Task statement: Pull out every line in the data that has the string "Waffen" in it.

Material provided:
──────────────────────────────
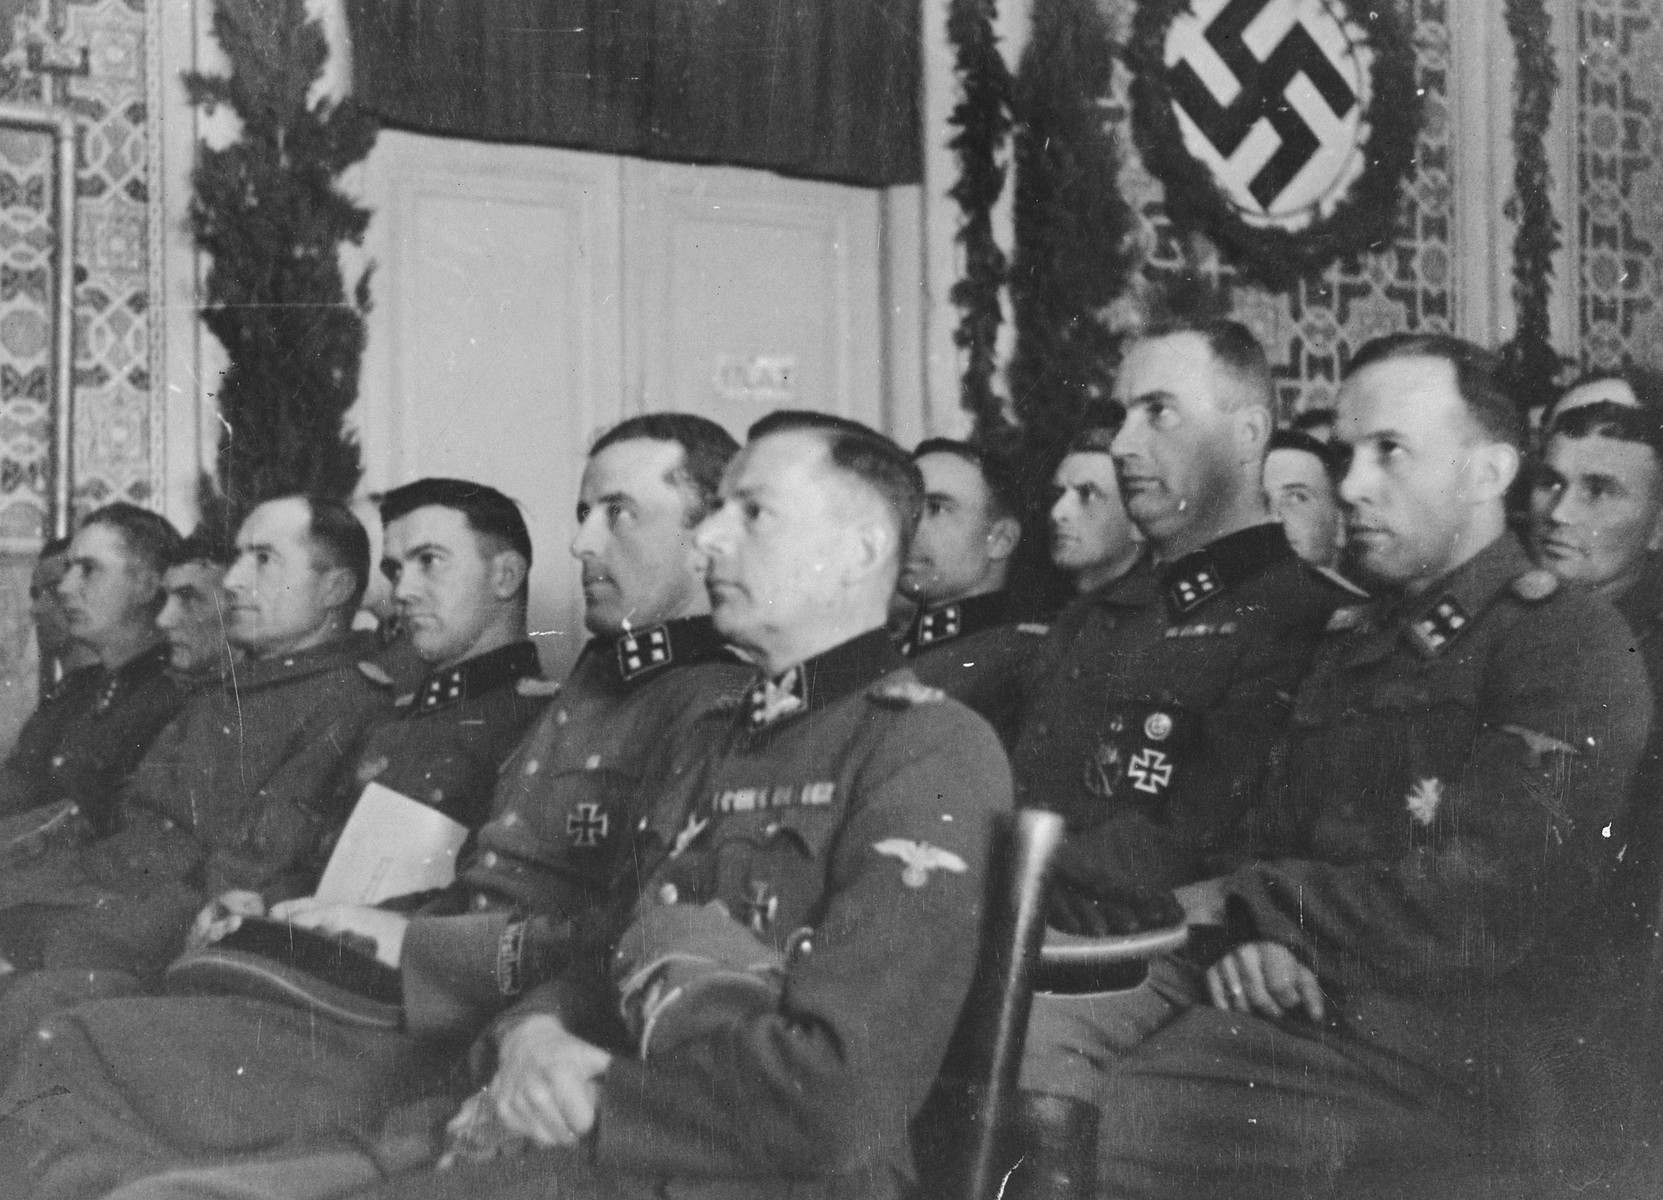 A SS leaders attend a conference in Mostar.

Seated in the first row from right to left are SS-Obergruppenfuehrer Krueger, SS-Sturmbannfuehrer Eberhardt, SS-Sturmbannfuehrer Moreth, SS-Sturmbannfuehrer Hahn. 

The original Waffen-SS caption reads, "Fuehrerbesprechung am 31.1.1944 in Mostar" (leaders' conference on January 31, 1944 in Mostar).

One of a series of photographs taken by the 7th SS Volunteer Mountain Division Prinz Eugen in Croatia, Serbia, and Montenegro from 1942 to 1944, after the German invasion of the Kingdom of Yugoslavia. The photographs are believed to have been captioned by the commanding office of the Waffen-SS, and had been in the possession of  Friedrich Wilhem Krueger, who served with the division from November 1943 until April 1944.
──────────────────────────────
Response to the exercise:
The original Waffen-SS caption reads, "Fuehrerbesprechung am 31.1.1944 in Mostar" (leaders' conference on January 31, 1944 in Mostar).
One of a series of photographs taken by the 7th SS Volunteer Mountain Division Prinz Eugen in Croatia, Serbia, and Montenegro from 1942 to 1944, after the German invasion of the Kingdom of Yugoslavia. The photographs are believed to have been captioned by the commanding office of the Waffen-SS, and had been in the possession of  Friedrich Wilhem Krueger, who served with the division from November 1943 until April 1944.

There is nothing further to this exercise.